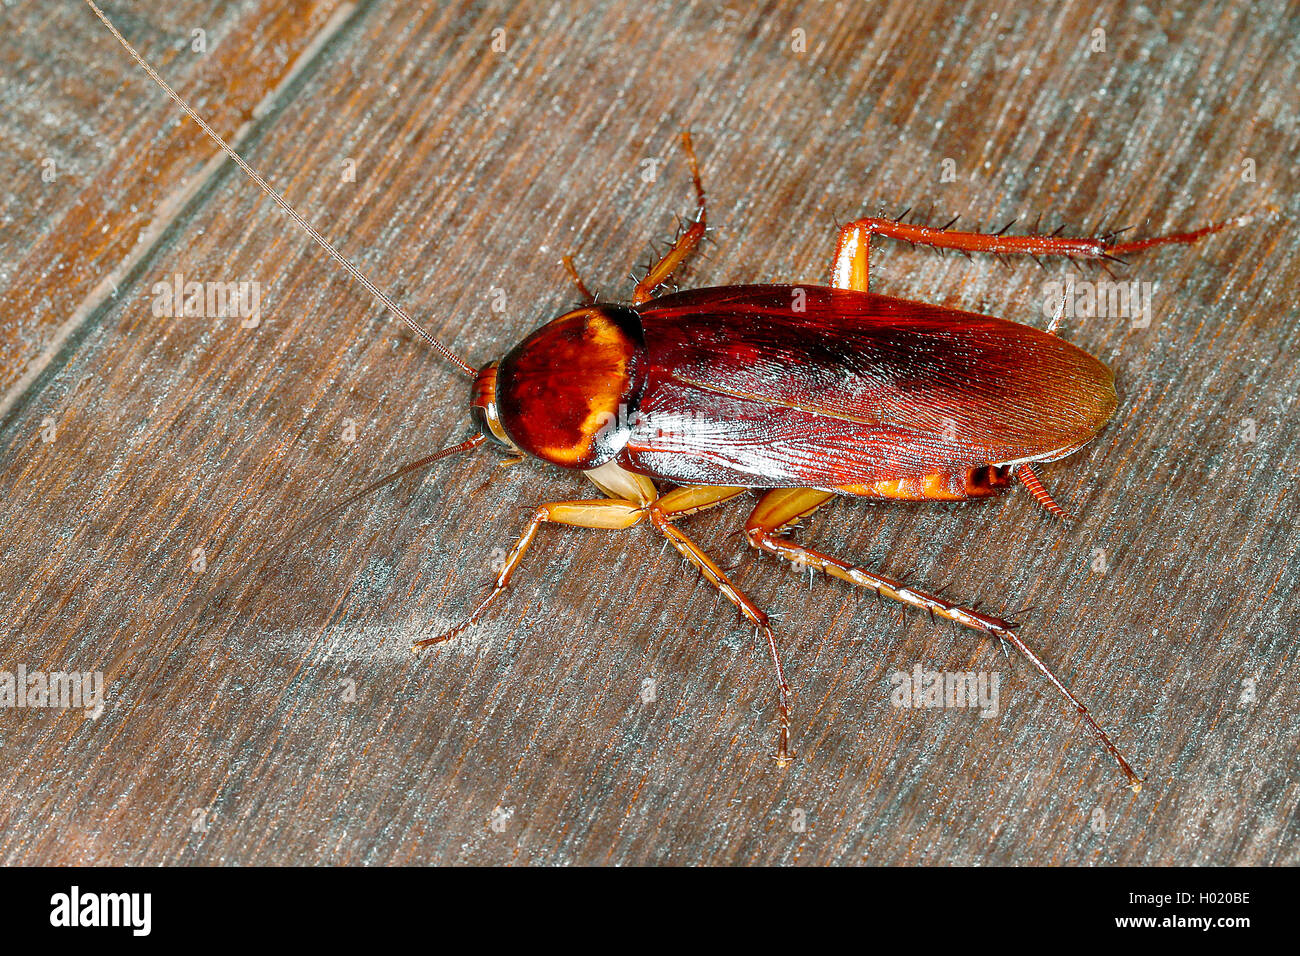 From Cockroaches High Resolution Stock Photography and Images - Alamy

•••••

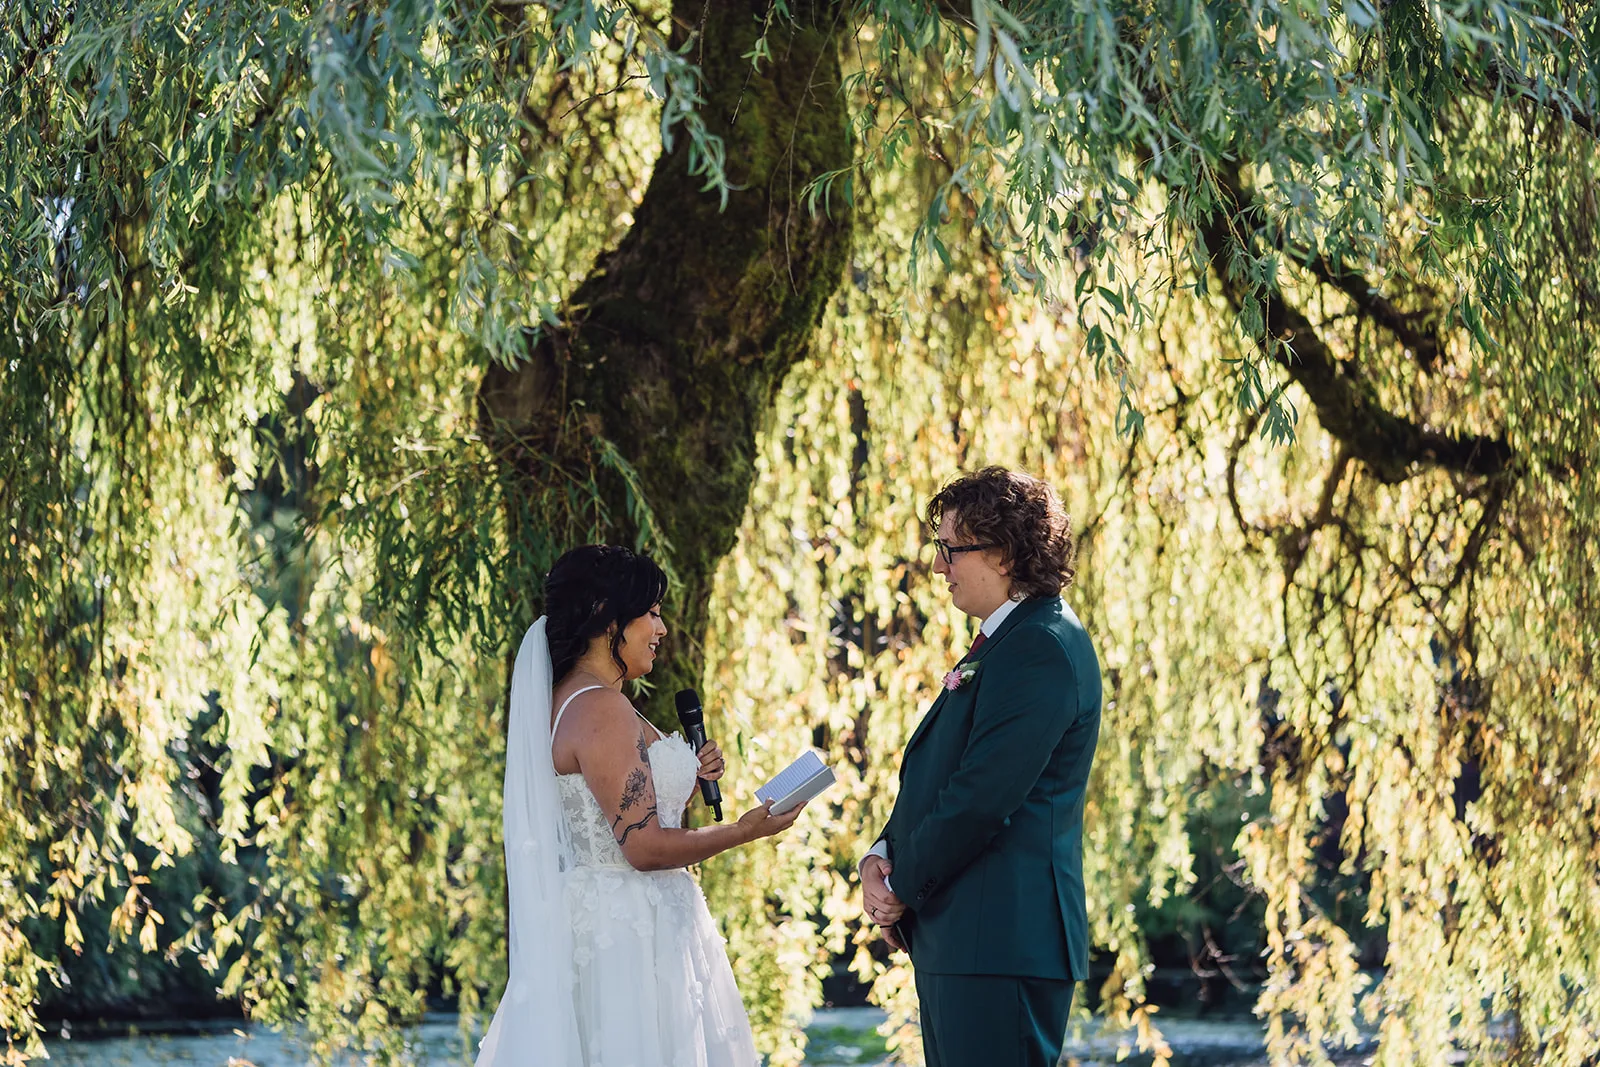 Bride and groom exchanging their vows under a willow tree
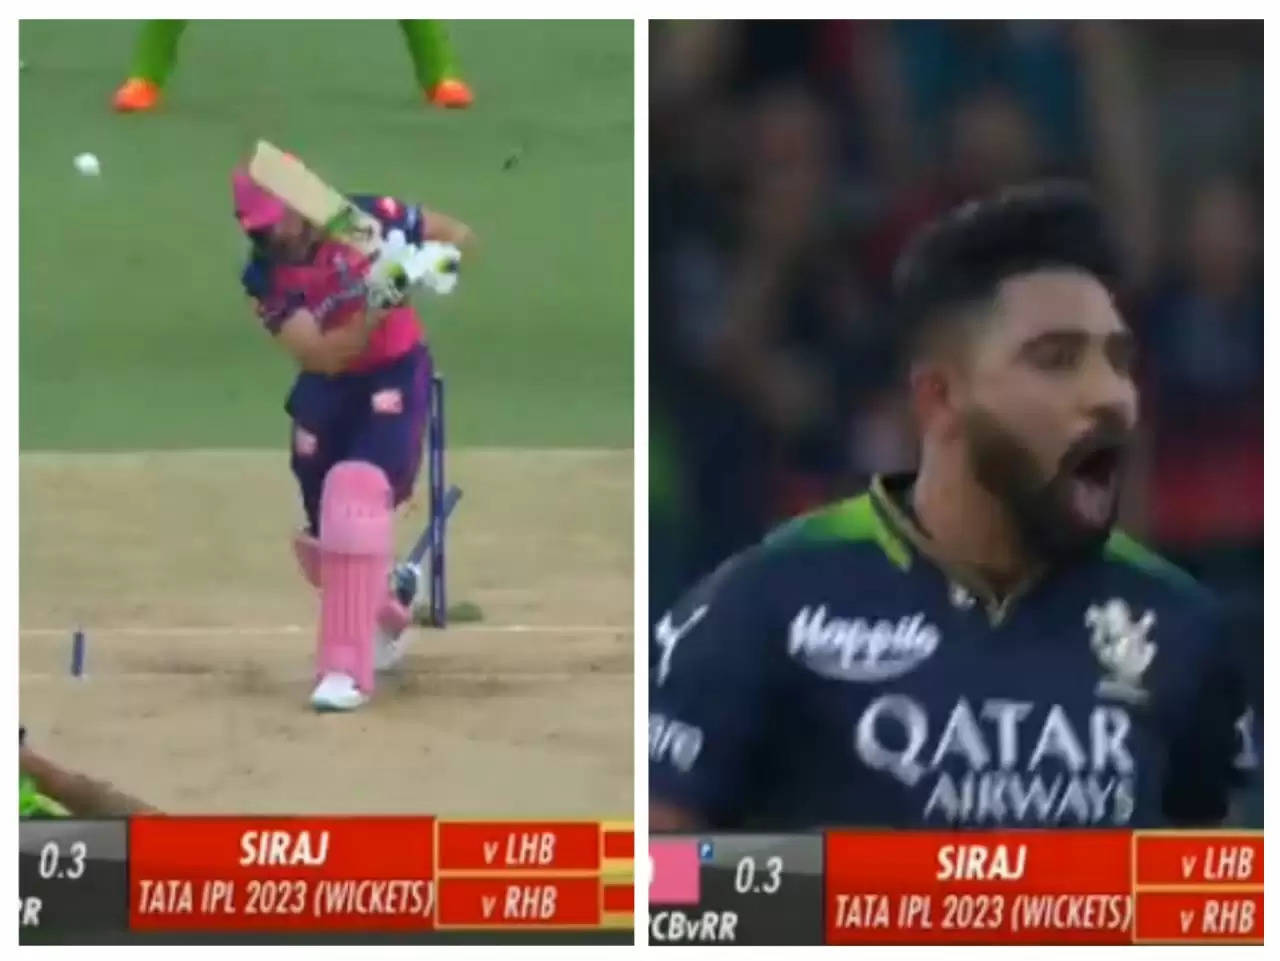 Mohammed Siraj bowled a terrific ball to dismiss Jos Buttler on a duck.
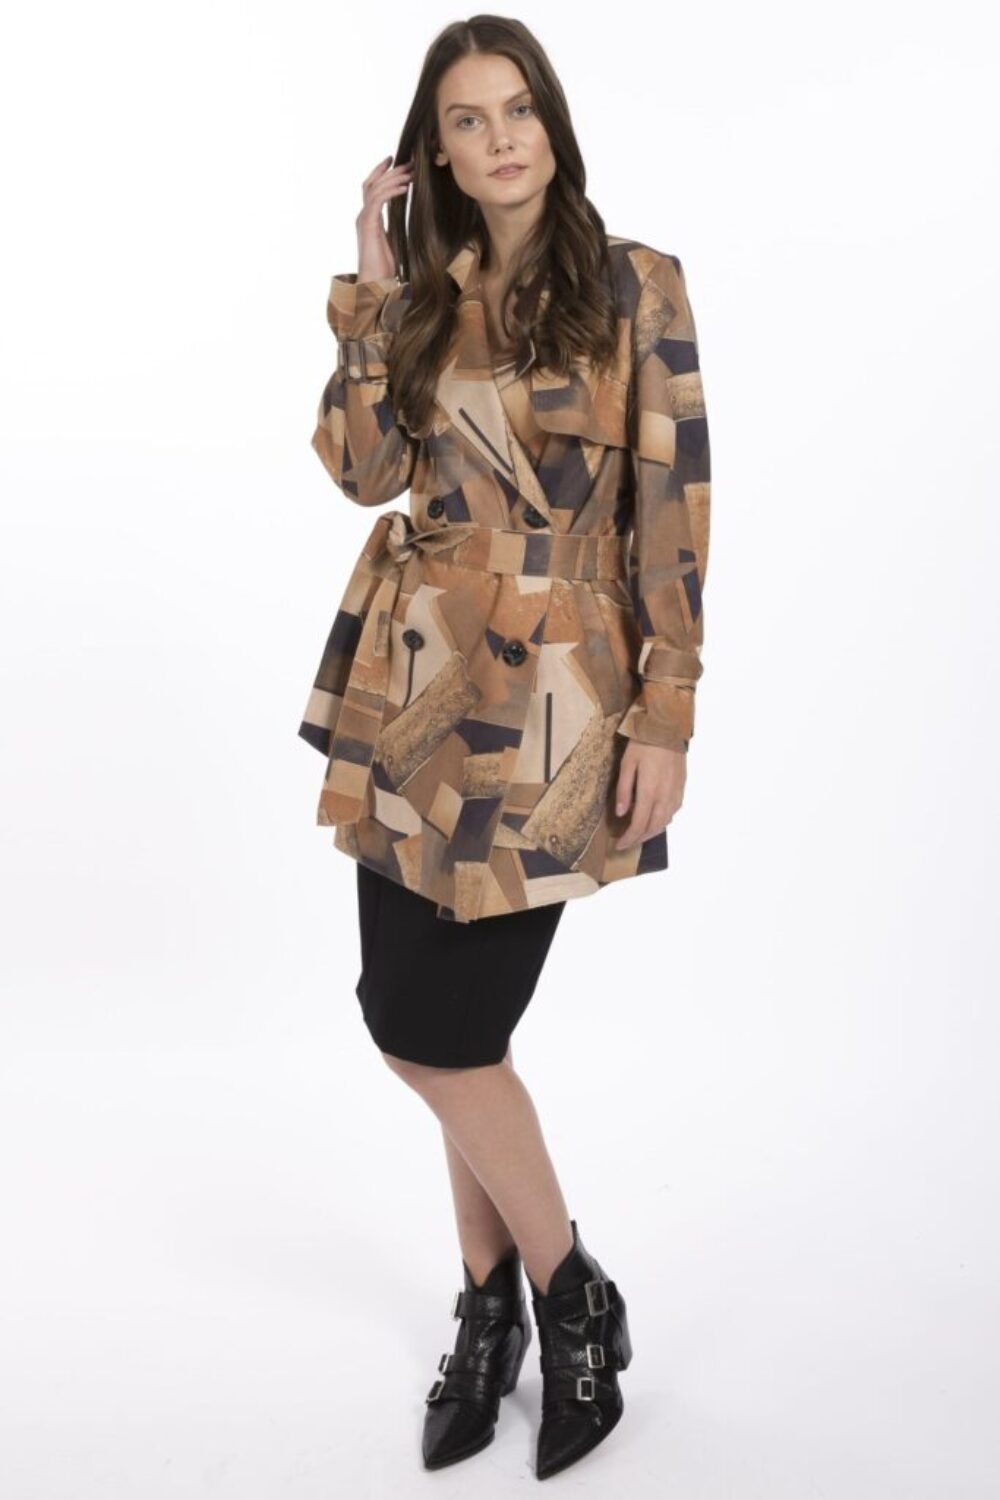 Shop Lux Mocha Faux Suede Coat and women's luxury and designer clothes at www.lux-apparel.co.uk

•••••

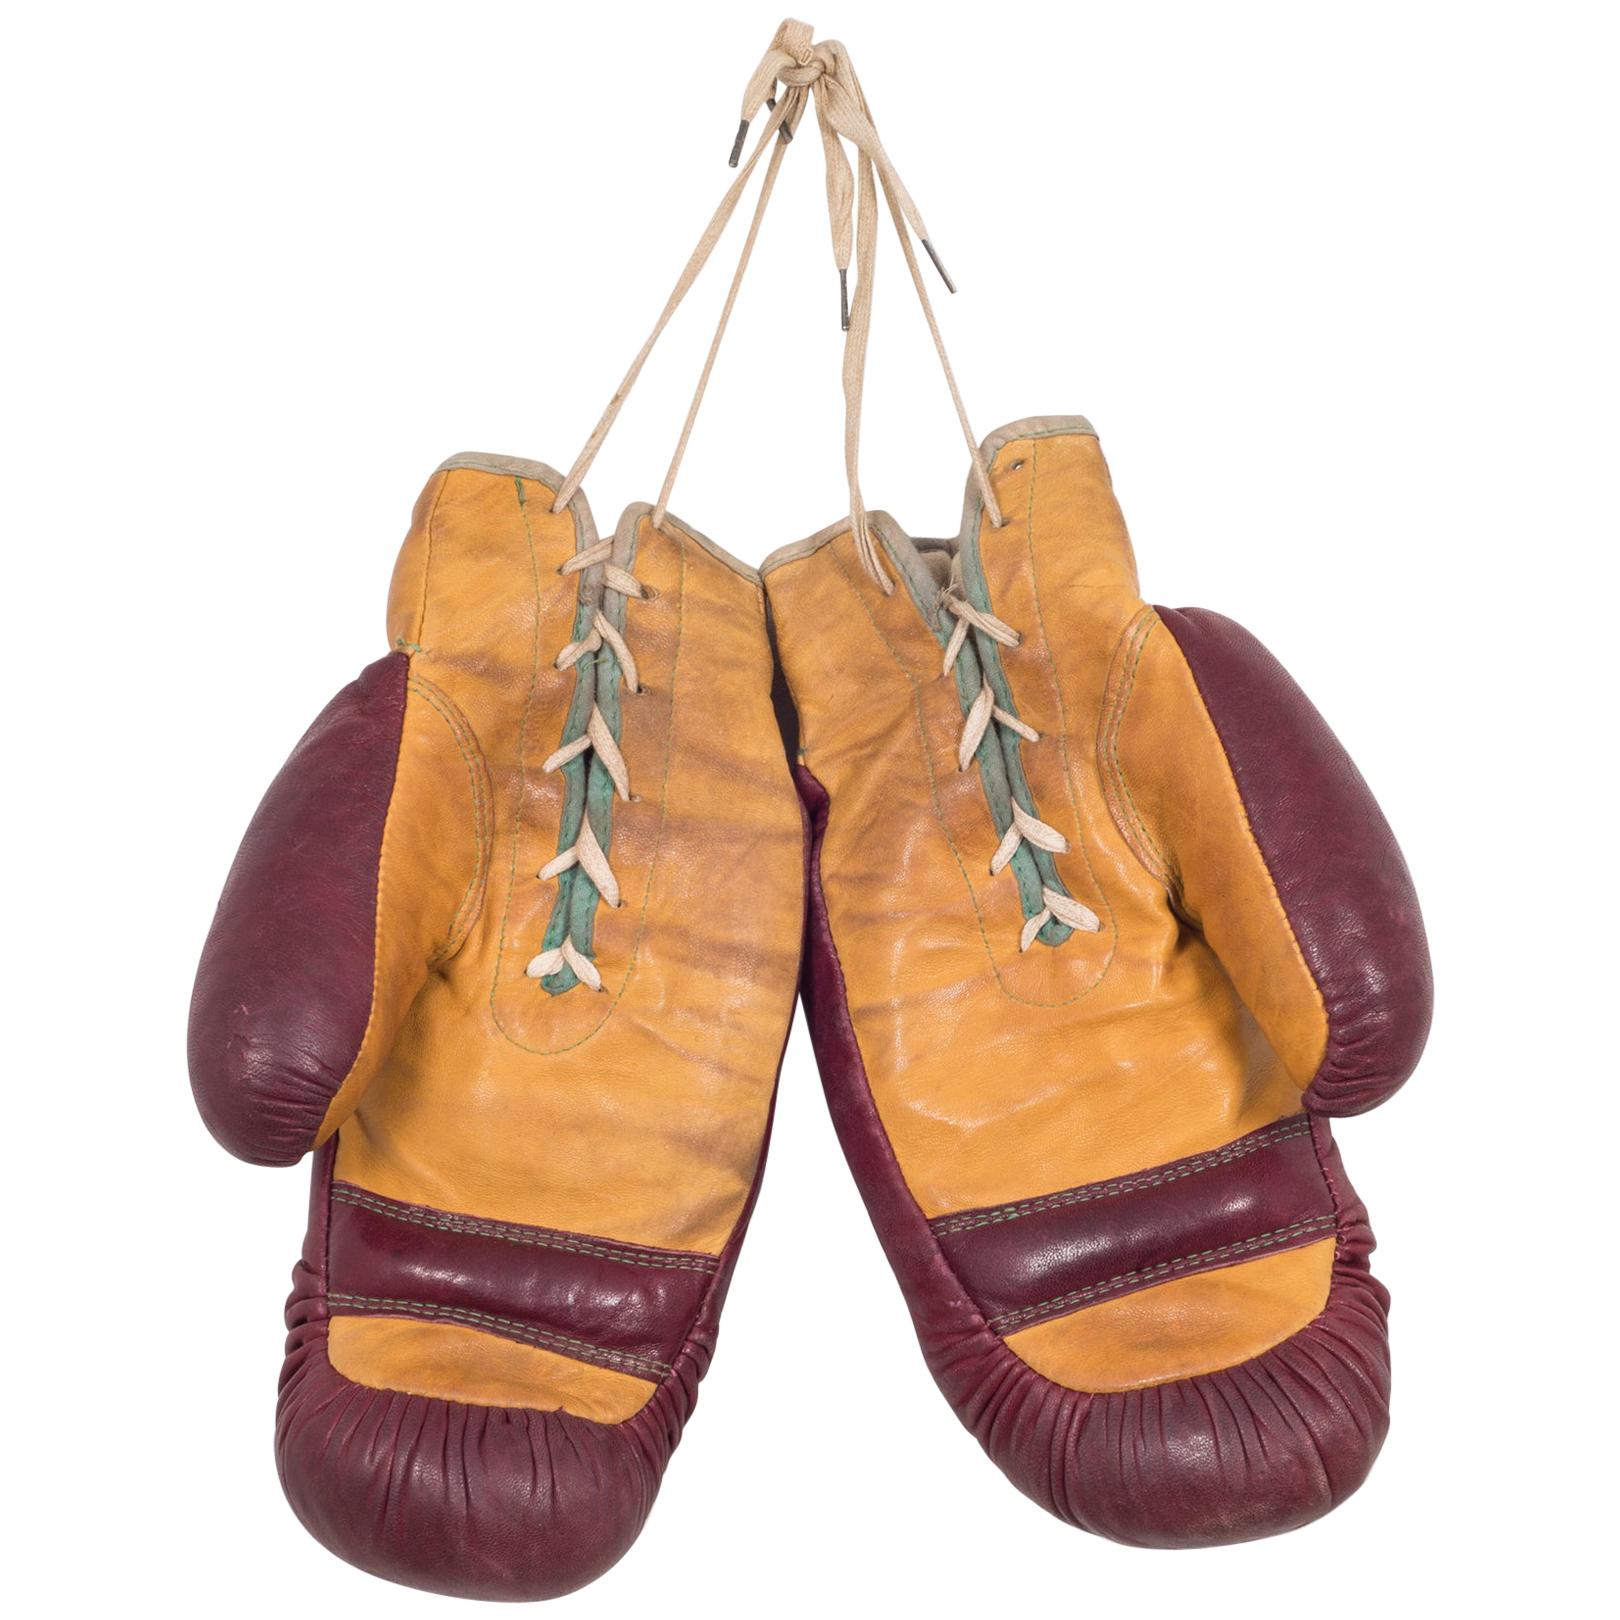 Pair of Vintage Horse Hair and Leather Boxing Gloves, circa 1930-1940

•••••

Exercise brief
Output exactly the lines above that lie between the line with "Bride and groom" and the line with "Shop Lux Mocha", those two lines included, and no pictures.

Completed exercise
 Bride and groom exchanging their vows under a willow tree
 Mohammed Siraj bowled a terrific ball to dismiss Jos Buttler on a duck.
 Shop Lux Mocha Faux Suede Coat and women's luxury and designer clothes at www.lux-apparel.co.uk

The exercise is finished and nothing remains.